От этой мысли даже дыхание перехватило…
…Пришли они с Ванюшкой в отряд поздно ночью. На подходе к лагерю их остановил Федор, Поначалу обрадовался приходу Ксюши, а приглядевшись, спросил:
– Кто это с тобой?
– Ваня… Иван Рогачев. Он со мной…
– Ксюха, я должен проводить вас до Вавилы. Не серчай.
Пока шли до лагеря, Федор молчал. Только когда их окликали в темноте, он отвечал «свои» и шел молча дальше.
– Вот што, Ксюха, не след будить Вавилу – допоздна рядили и судили: где тебя искать, да кого на выручку посылать, Утресь поговорим, – и ушел в темноту.
Ксюша неслышно скользнула с постели. Заботливо прикрыла Ванюшку шинелью.
– Желанный мой, у бога выпрошенный, живинушка ты моя ненаглядная,- шептали губы, а непослушные пальцы тянули на плечи сползшие рукава холщовой рубахи, завязывали тесемки у ворота. Ксюша надела кофту, сарафан, ичиги и выскользнула на улицу.
Утро как бы не сменяло ночь, а подкрадывалось к ней, сторожко, как крадется терпеливая кошка к разнежившейся синице. Вначале чуть посветлела полоска неба на юго-востоке. Затем начала розоветь. Зарозовели вершина Каратау и нижние кромки обрывков туч, что толпой теснились у горизонта. Там, наверху, уже все пылало, а в долине еще полумрак. Серые струйки тумана лениво пробирались между стволами деревьев. За ними тянулись тонкие синеватые нити рассвета. Скрипнул в последний раз коростель, и умолк. На самой макушке высокого кедра закричала кедровка. Из прибрежных кустов радостной песней ей ответила крошка-тиньковка.
Начинался день.
– Дивно-то как! – Ксюша оглянулась. И вздрогнула, и обрадовалась одновременно. «Это хорошо, што она первая…» На тропинке стояла Вера. Щеки ее разрумянились, – видно умылась только что. Она с радостью смотрела на Ксюшу.
– Пришла? Когда? – обняла, закружила. – Ксюша, родная, как хорошо, что ты вернулась…
Ксюша чуть отстранилась от подруги.
– Пойдем на речку, мне рассказать тебе нужно… А где Вавила?
И не дожидаясь ответа, быстро пошла к Ральджерасу.
– Вера! Со мой Ваня пришел. Мой Ваня! Поняла?
– Как же это случилось?…
– Из-под венца увела…
И Ксюша торопливо, волнуясь и заново переживая случившееся, рассказала все, что произошло с ней в Рогачево. Вера не перебивала. Когда Ксюша кончила, она продолжала молчать. Молчание становилась невыносимым для Ксюши.
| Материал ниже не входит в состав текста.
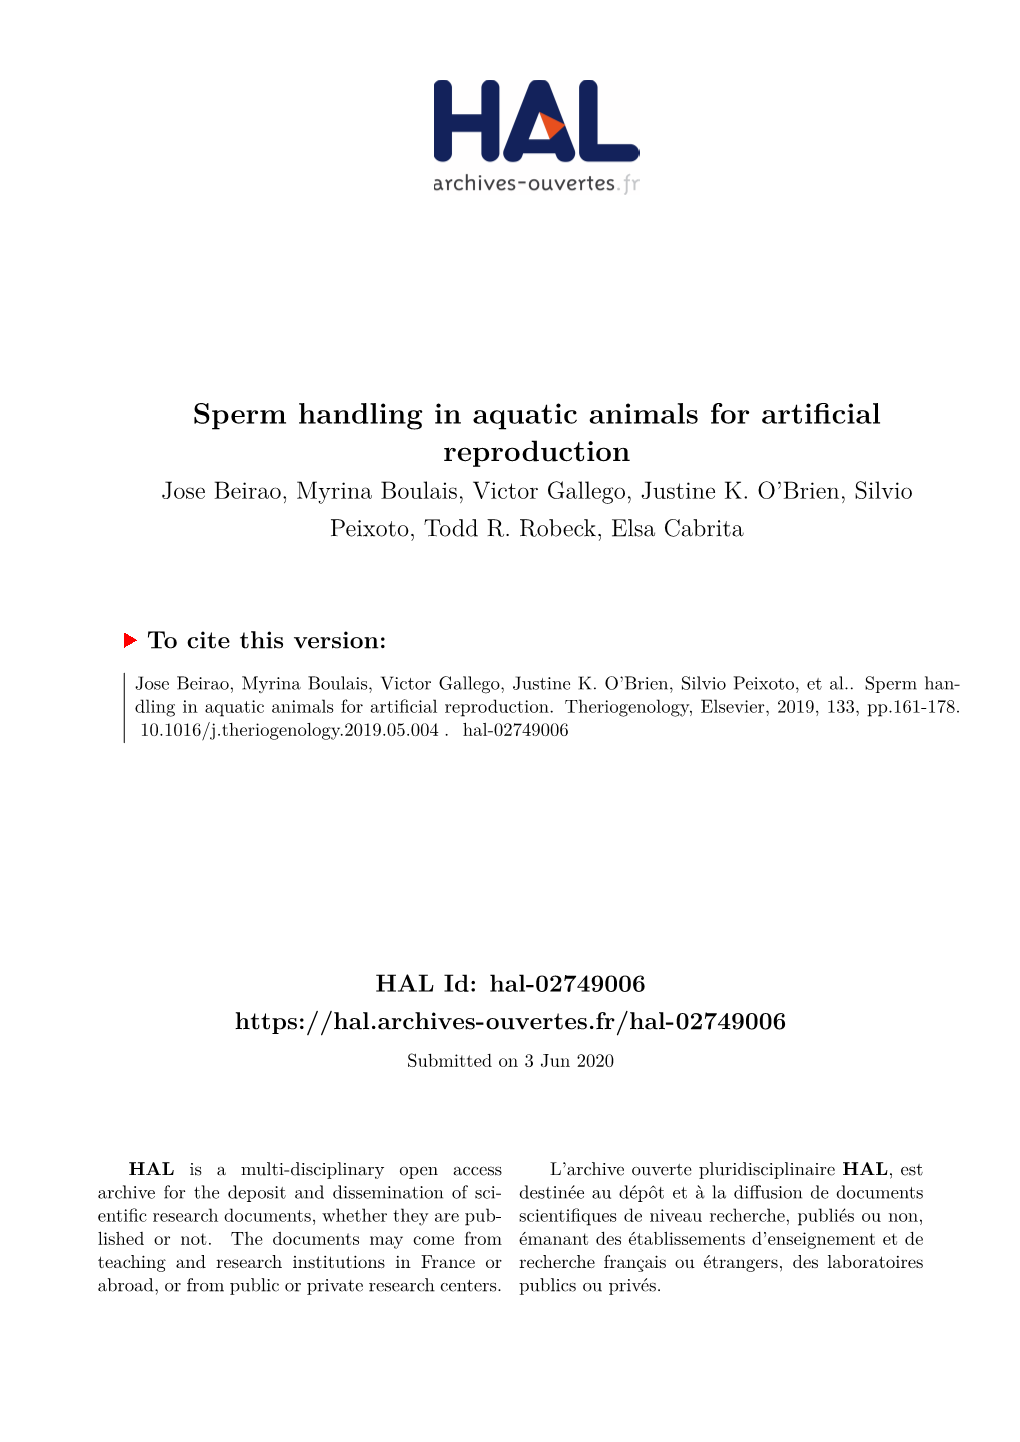 Sperm Handling in Aquatic Animals for Artificial Reproduction Jose Beirao, Myrina Boulais, Victor Gallego, Justine K

– Вера, да ты меня слушаешь аль нет?
– Да, да, я все поняла. Я поняла все! Он просил свидания со мной…
Вера глядела куда-то вдаль, не замечая, как оживали в лучах раннего солнца каждый кустик, каждая ложбинка, как тинькали синицы, радуясь теплому утру.
Нежность, что годами копилась в душе, гнала слова, и Вере было тепло-тепло и необычно уютно. Эту землю, это чистое небо она не променяет ни на какие дворцы.
Ксюша смотрела на подругу и не могла наглядеться. Красива была сейчас Вера. Особенно ее большие голубые глаза. Они были чуть грустные и в то же время светились радостью.
– Ксюша, ты пойдешь со мной туда… к скале, где будет ждать Валерий? Пойдешь? Спасибо тебе, дорогая!
Вавила был необычно суров. Разговаривали втроем. Вера и Ксюша сидели с опущенными головами.